Harnessing a web service API with JavaScript – use the three-peat to avoid DNS failures

iofy download serviceWe’ve recently done work harnessing our iofy RESTful web services in JavaScript, especially the account management sections. Typically, in old-school fashion, an account management system is done server side with PHP, PERL, Ruby, etc, interacting with a database.

<sarcasm>That’s great when you want your heavy hitting developers to do design work or when you want your designers to do low-level work (or if you want to add a layer of management to your project where you need to separate out what parts of a page are owned by what developer/designer.)</sarcasm>

Why give yourself that headache? I had that headache for a while and have a direct solution. REST + JavaScript. My heavy hitters delivered RESTful functionality for our API that can be harnessed by pretty much anything capable of HTTP. My webmaster and designers can now, purely in JavaScript, harness this API and deliver all the functionality they need with all the gorgeous style they possess.

You can too (drop us a note and sign up as a reseller.) Our API is REST and we’ve got JavaScript libraries for harnessing it. The JavaScript queries the web service and receives an RSS 2.0 response. Parse it, and you’ve got everything you need for account management, content delivery, sales, and reporting.

Now for the difficulty in JavaScript web service API harnessing… The big surprise we ran in to initially was with the failure rate of HTTP requests from client-side JavaScript calls. DNS stinks. We would make requests and randomly get failures. As it turns out, DNS will fail between 1% and 3% of the time on a typical DSL connection. You need to retry that connection…
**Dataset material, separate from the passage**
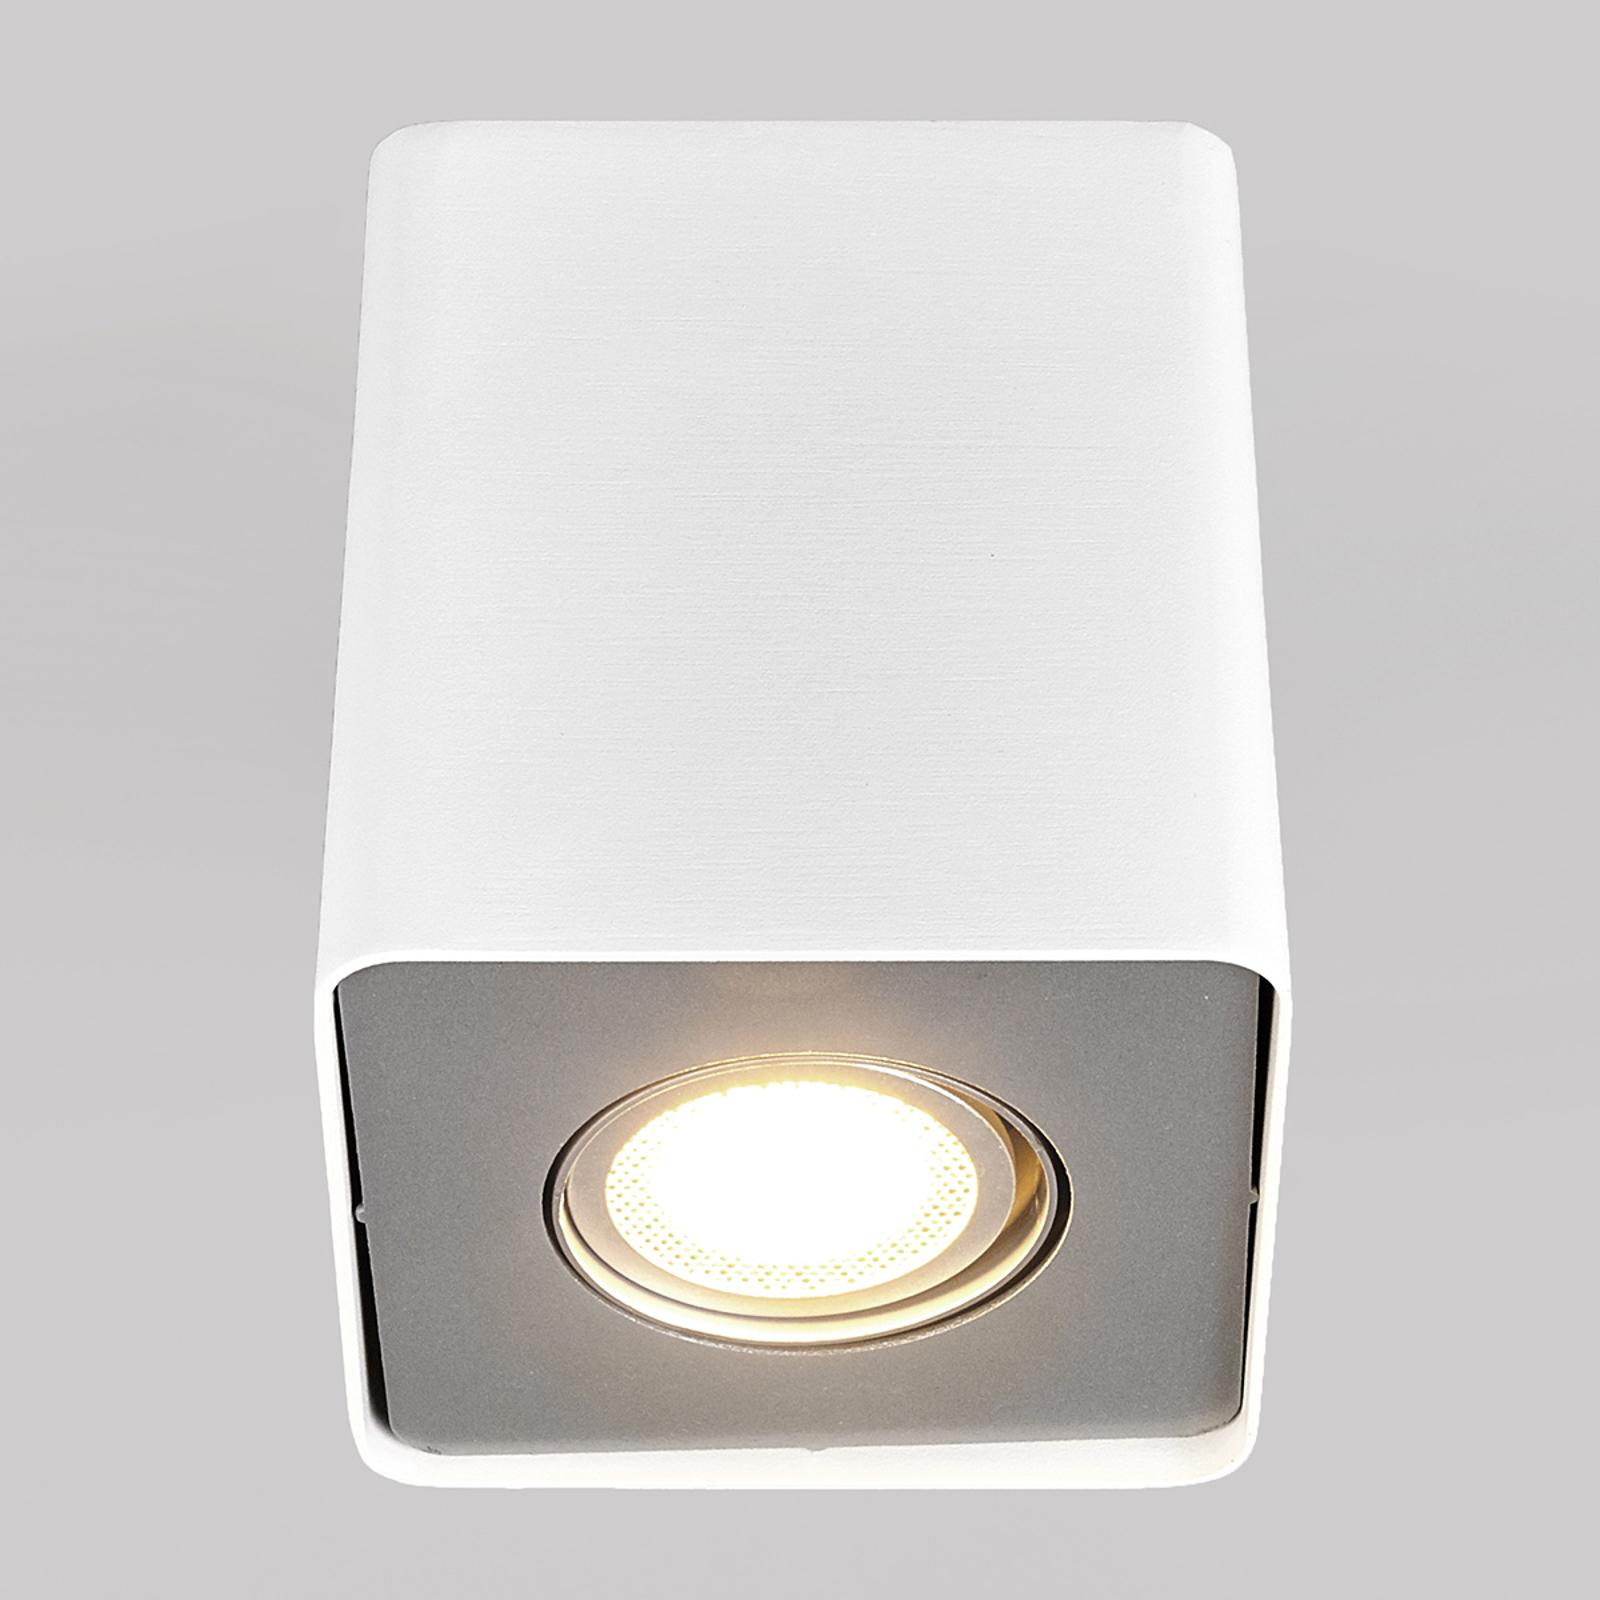 Downlight LED GU10 Giliano, 1-pkt. kątowy biały

I recommend the three-peat for failed connections. In your JavaScript (or any other language), use asynchronous calls to a function which will repeat the HTTP request up to three times before erroring out. This reduces the likelihood of failure to a cube of the failure rate.

The worst DNS providers fail 3% of the time. Therefore the first request has a 3% chance of failure. The second has 0.09% chance since the 3% that failed are 3% likely to fail again (3% multiplied by another 3%.) The third try won’t fail unless something bigger is going wrong, drops the chance to 0.0027%. This is far more acceptable than 3 in 100 and effectively removes the DNS issue of web service connections.